Esenbeckia is a genus of flowering plants in the rue family, Rutaceae. All species in the genus are native to the Americas, with the highest diversity in South America. They are commonly known as jopoy, the Mayan word for E. berlandieri, or gasparillo (Spanish).

Taxonomy
The generic name commemorates German naturalist Christian Gottfried Daniel Nees von Esenbeck (1776 - 1858). The Takhtajan system placed the genus in the subfamily Rutoideae, while Germplasm Resources Information Network placed it in the subfamily Toddalioideae.
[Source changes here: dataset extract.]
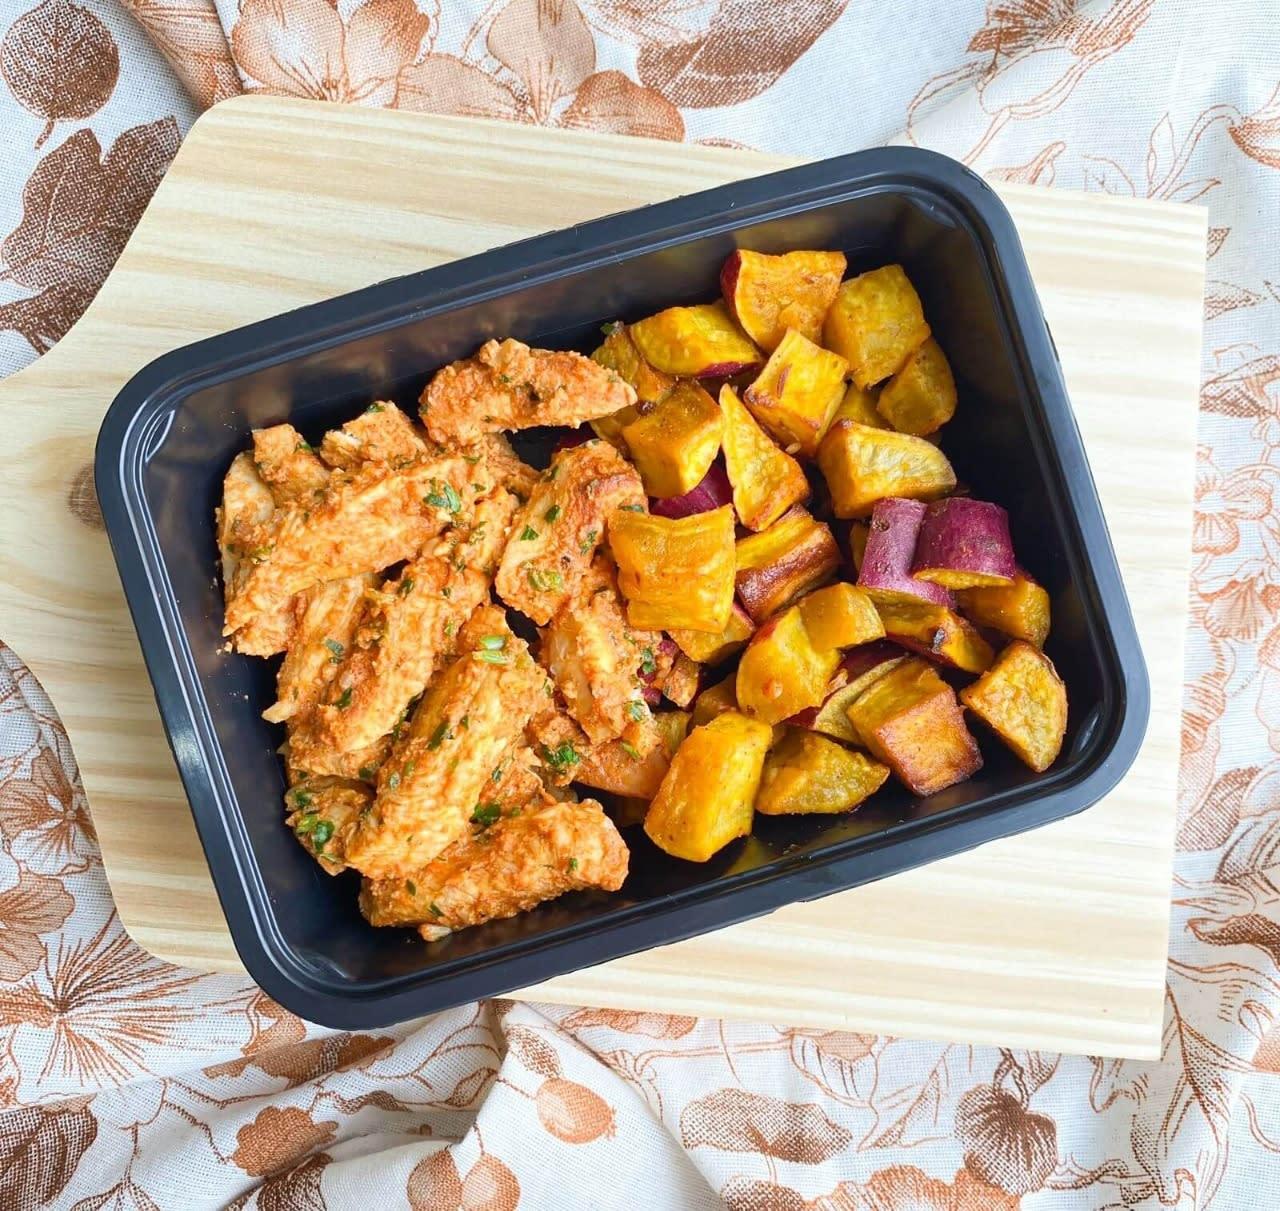 Iscas de frango com batata doce rústica - 300g - Vipx Gourmet

A 2021 classification of the family Rutaceae places it in subfamily Zanthoxyloideae, a placement accepted by the Angiosperm Phylogeny Website.

Selected species
 Esenbeckia alata (H.Karst. & Triana) Triana & Planch. — Winged Esenbeckia, Coya, Cuala-cuala (Colombia)
 Esenbeckia berlandieri Baill. ex Hemsl. — Berlandier Esenbeckia, Hueso de Tigre, Limonillo (Mexico, Central America)
 Esenbeckia flava Brandegee — Yellow Esenbeckia, Palo Amarillo, Palo Morio (Baja California Sur, Mexico)
 Esenbeckia grandiflora Mart.
 Esenbeckia hartmanii B.L.Rob. & Fernald — Hartman Esenbeckia, Crucecilla, Sámota (Sonora and Sinaloa, Mexico)
 Esenbeckia leiocarpa Engl. (Atlantic moist forests, Brazil)
 Esenbeckia pilocarpoides Kunth
 Esenbeckia pumila Pohl
 Esenbeckia runyonii C.V.Morton — Runyon's Esenbeckia, Limoncillo (Sierra Madre Oriental in northeastern Mexico, Rio Grande Valley of Texas in the United States)

Formerly placed here
 Balfourodendron riedelianum (Engl.) Engl. (as E. riedeliana Engl.)